次は lung percussion です。「打診」の際には hit ではなくtap を使って “I’m going to tap on various points of your chest.” と伝えます。この lung percussion ではその音の表現だけでなく、それが示唆する状態も含めて覚えることが重要です。正常な肺の打診音は resonant sounds と表現されます。これが高くなると hyper-resonant sounds となり、肺の実質の外側に空気が存在する状態、すなわち pneumothorax を示唆します。正常の resonant より低い打診音は dull sounds となり、これは先ほど紹介した pulmonary consolidation、つまり typical pneumonia や left heart failure などを示唆します。この dull がさらに低くなると石を叩いているような stony dull sounds となります。これは肺の実質の外側に液体が存在する状態、すなわち pleural effusion を示唆するわけです。このように lung percussion では、それぞれの音が示唆する状態も必ず一緒に覚えてください。

肺の聴診では音を視覚化することが有効
ではいよいよ、chest exam のハイライトである lung auscultation を見ていきましょう。一般的な lung auscultation をご紹介する前に、tactile fremitus 同様に日本ではあまり知られていない egophony をご紹介します。これは “I’m going to listen to various points of your chest. Could you say ‘E’ for me, please?” と指示して行います。もちろん正常な肺であれば患者さんが ‘E’ と言えば ‘E’ と聞こえます。しかし肺の実質が硬くなった pulmonary consolidation の状態では、この ‘E’ が ‘A’ のように聞こえるのです。動物で「エ~」のように鳴くのは goatヤギ」ですので、この egophony は日本語では「ヤギ音」と呼ばれるのです。ちなみに “Which one is the GOAT? Messi or Cristiano Ronaldo?” で使われる GOAT とは greatest of all time「史上最高(の選手)の略語で、スポーツの世界でよく使われる表現です。

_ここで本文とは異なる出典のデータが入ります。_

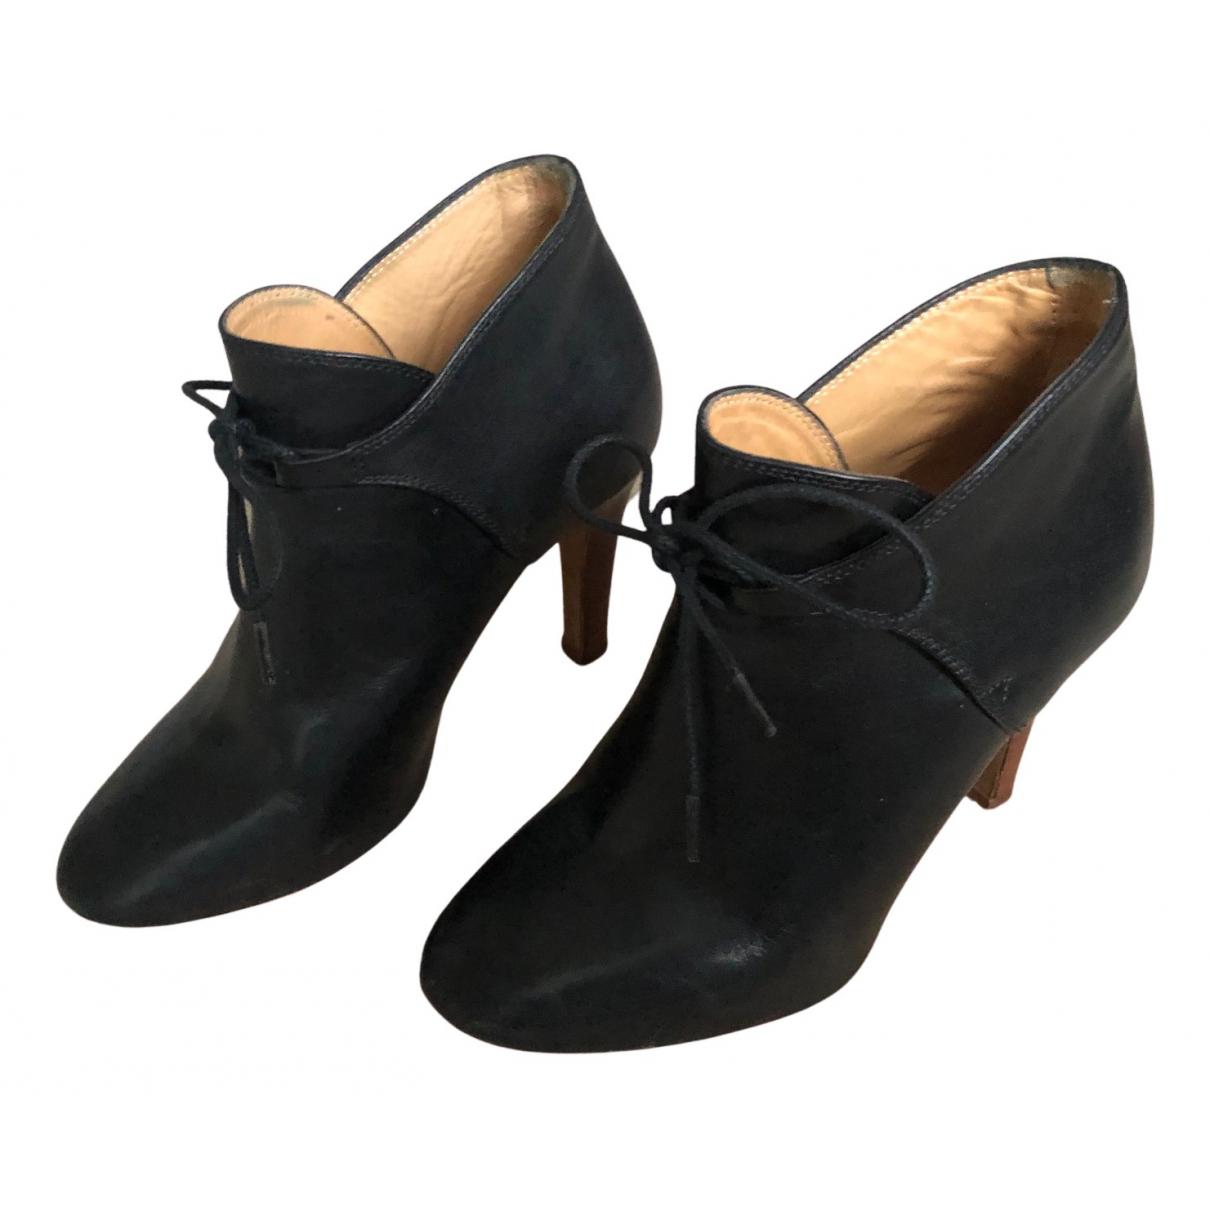 Sezane \N Stiefeletten in  Schwarz Leder

呼吸音を聴診する lung auscultation では患者さんに “I’m going to listen to various points of your chest. Could you breathe deeply through your mouth, please?” と言って、大きく口から息をしてもらいましょう。ただ小児科において小さな子どもにこのような指示をしてもうまく聴診ができませんね。そのような場合には “OK Sam, please pretend that there is a birthday cake with a lot of candles in front of you. Please blow out all of the candles for me. Great. And again… one more time…” のような表現を使うとうまく聴診することが可能になります。

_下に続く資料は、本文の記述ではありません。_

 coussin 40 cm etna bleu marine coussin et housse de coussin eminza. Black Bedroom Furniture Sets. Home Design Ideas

heart auscultation心音の聴診」において、 murmur心雑音」の聴取では「収縮期雑音か拡張期雑音か」「どの弁で一番大きな心雑音が聞こえるか」といったアプローチが有効でしたが、lung auscultation「呼吸音の聴診」では音を視覚化することが有効と言えます。

trachea「気管」までの upper airway「上気道」から bronchus/bronchi「気管支」にかけての領域では inspiration/inhalation「吸気」と expiration/exhalation「呼気」の強さと長さが同じで、吸気と呼気の間に gap が生じる bronchial breath sound(視覚化したイメージはこちら)が主に聞こえます。これに対して bronchioles「細気管支」から alveolus/alveoli「肺胞」にかけての領域では吸気が呼気に対して強く長く、かつ吸気と呼気の間に gap が生じない vesicular breath sounds(イメージはこちら)が主に聞こえます。もしこの vesicular breath sounds が聞こえる領域で本来聞こえないはずの bronchial breath sounds が聴取された場合、それはその領域に問題があって本来の vesicular breath sounds が聴取されない異常な状態が示唆され、bronchial breathing と呼ばれます。

もしも bronchial breath sounds の領域で low-pitched rattling sounds低音のゴロゴロした音」が聴取された場合、それは rhonchi(イメージはこちら)と呼ばれます。これは bronchitis気管支炎」などで気管支の内面に痰が付着することで生じる、吸気と呼気の両方で聞こえる音で、日本語では「いびき音」と呼ばれます。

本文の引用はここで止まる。